A Rome, pour leurs 150 ans, les sœurs salésiennes réfléchissent à la meilleure façon de transmettre le système préventif salésien

« Contribution des Filles de Marie Auxiliatrice à l’éducation (1872-2022) : parcours, défis et perspectives » : tel est le titre du congrès international qui vient de se dérouler à Rome du 25 au 30 septembre. Sœur Maria Rohrer (La Marsa, Tunisie) et sœur Bénédicte Pitti (Paris) ont eu la chance de faire partie des 300 sœurs salésiennes et laïcs qui y participaient en présentiel. Le congrès a également été suivi en distanciel par plus de 1500 personnes de tous les continents.

Cet événement a été organisé par l’Auxilium, la faculté universitaire des sciences de l’éducation des sœurs salésiennes à Rome, en réseau avec des professeurs d’autres universités et instituts supérieurs salésiens du monde entier. 150 ans de mission éducative pour les sœurs salésiennes ! L’occasion de faire le point : qu’entendons-nous aujourd’hui par « système préventif » dans des cultures tellement éloignées de celle que Don Bosco et Marie-Dominique Mazzarello ont connue au XIX° siècle ?

Une formidable enquête a préparé ce congrès en impliquant 500 personnes (moitié sœurs salésiennes, moitié laïcs) travaillant dans 72 pays différents (sur les 97 où vivent des FMA). Ils ont réfléchi à la vision intégrale de la personne, aux buts de l’éducation, à l’approche préventive du système éducatif salésien, à l’importance de la communauté éducative, du travail en réseau… Tous ont exprimé comment ils percevaient et vivaient tout cela dans leurs différents contextes. Plusieurs enseignants et membres d’œuvres sociales de France et de Belgique ont d’ailleurs participé à ce beau travail préparatoire.
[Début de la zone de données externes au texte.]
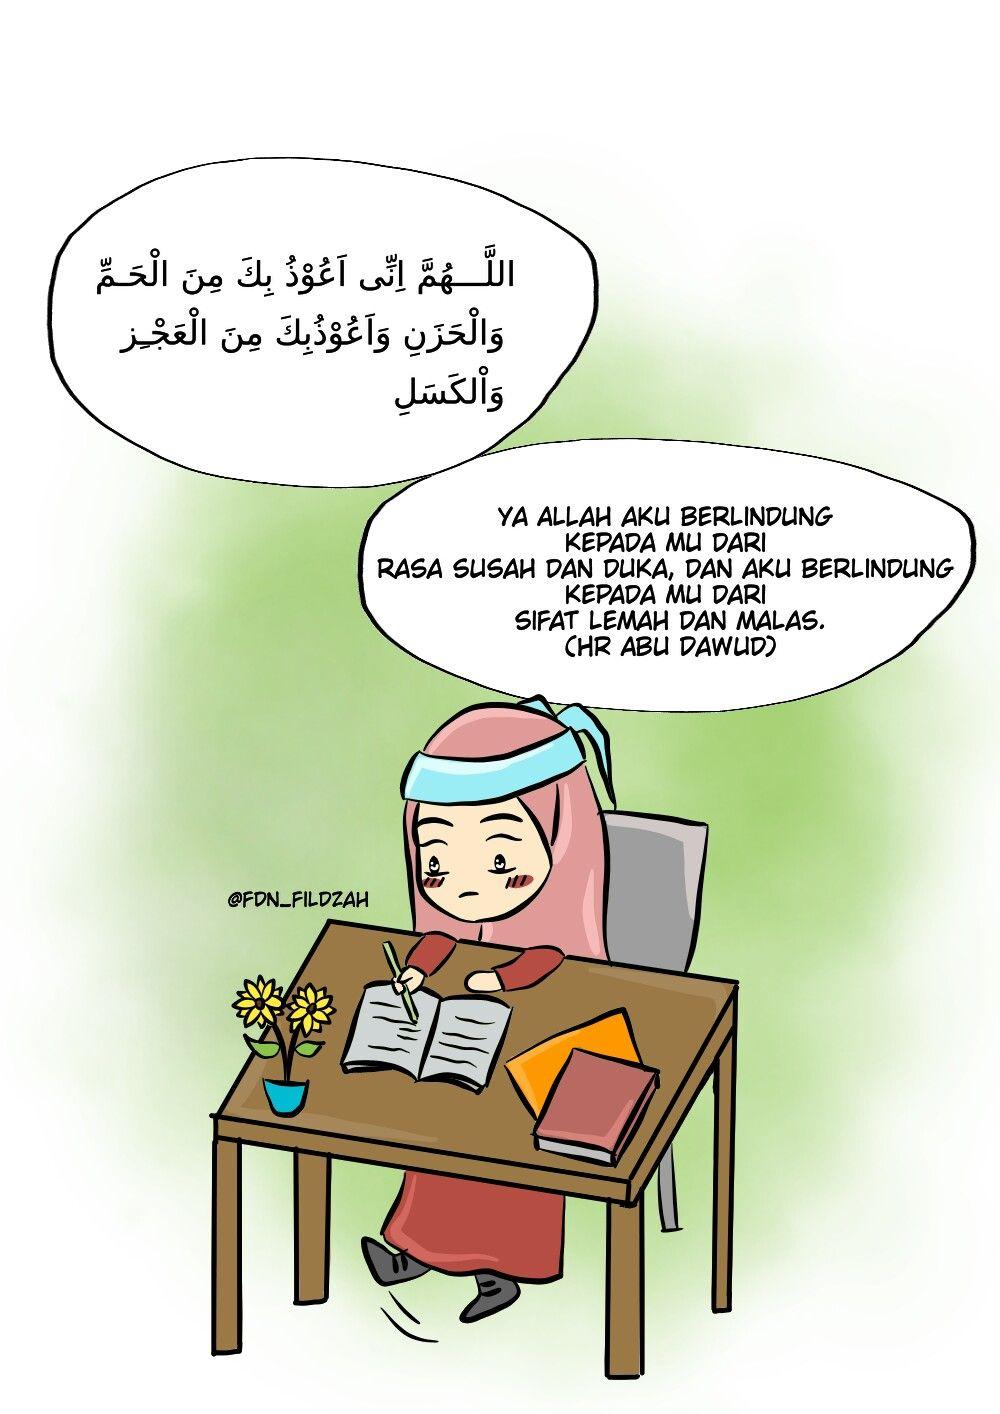 Kerja Keras Muslimah Tangguh Dengan Gambar Kartun Motivasi Kerja Keras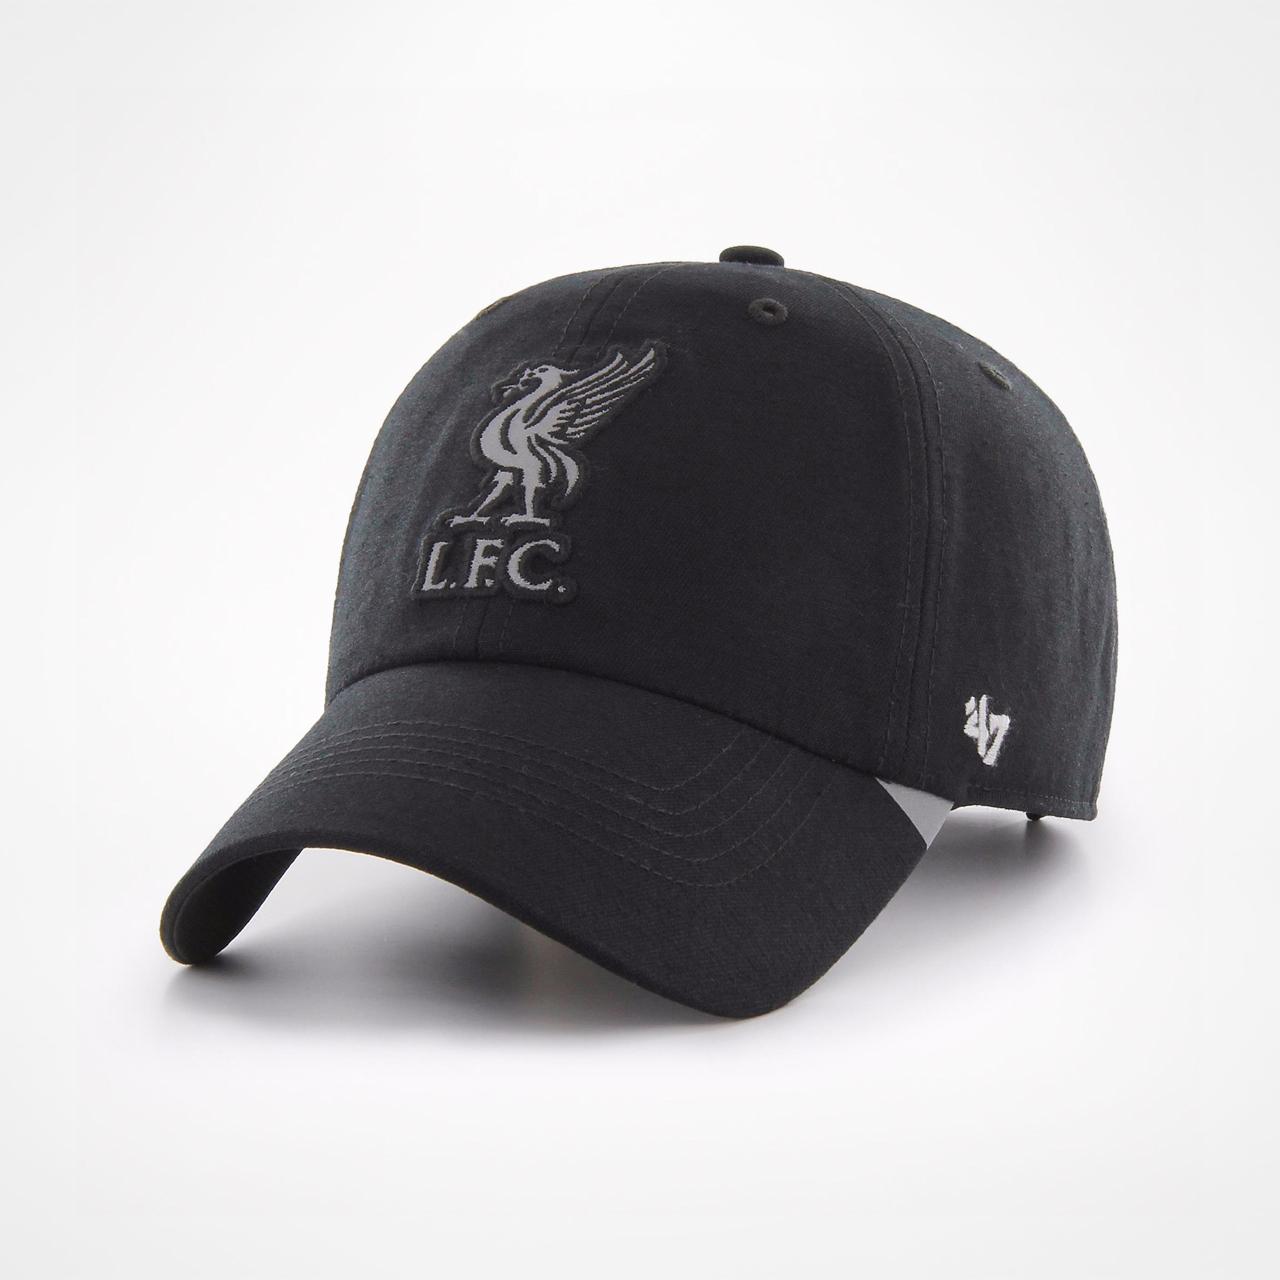 how to clean black cap

Un congrès vraiment international
Le congrès a consacré une journée au passé, une au présent et deux journées à l’avenir. Intervenants, présidents de séance et modérateurs, universitaires, historiens et statisticiens, sociologues et pédagogues, psychologues et anthropologues, ainsi qu’éducateurs, professeurs et enseignants, chercheurs, praticiens et professionnels de l’éducation ont eu la parole. Un panel vraiment international ! Sur le site (traduit en cinq langues) www.convegnofma150.org, on trouve toutes leurs interventions. Le professeur Quentin Wodon, de la Banque mondiale, en visio depuis les Etats-Unis, Bernardo Toro, directeur de la revue « Educacion hoy » en Colombie, Alessandra Morelli, fonctionnaire du Haut-Commissariat des Nations Unies pour les réfugiés… aucun n’a minimisé le sérieux de la crise éducative actuelle, mais tous ont eu un regard « positif et non exorciste » sur le monde et sur les jeunes, comme a dit à un moment le cardinal Gianfranco Ravasi, du Conseil pontifical de la culture.
On peut visionner aussi de nombreuses vidéos. Ainsi, pour le passé, on découvre 22 vies de salésiennes qui ont interprété le système préventif salésien avec beaucoup de créativité. Parmi elles, sœur Jeanne Vincent, décédée en 1997 à Lyon, qui a passé sa vie au Gabon… Toutes ces missionnaires ont répandu l’esprit salésien aux quatre coins du monde, permettant à des générations de filles d’étudier et d’être utiles à la société…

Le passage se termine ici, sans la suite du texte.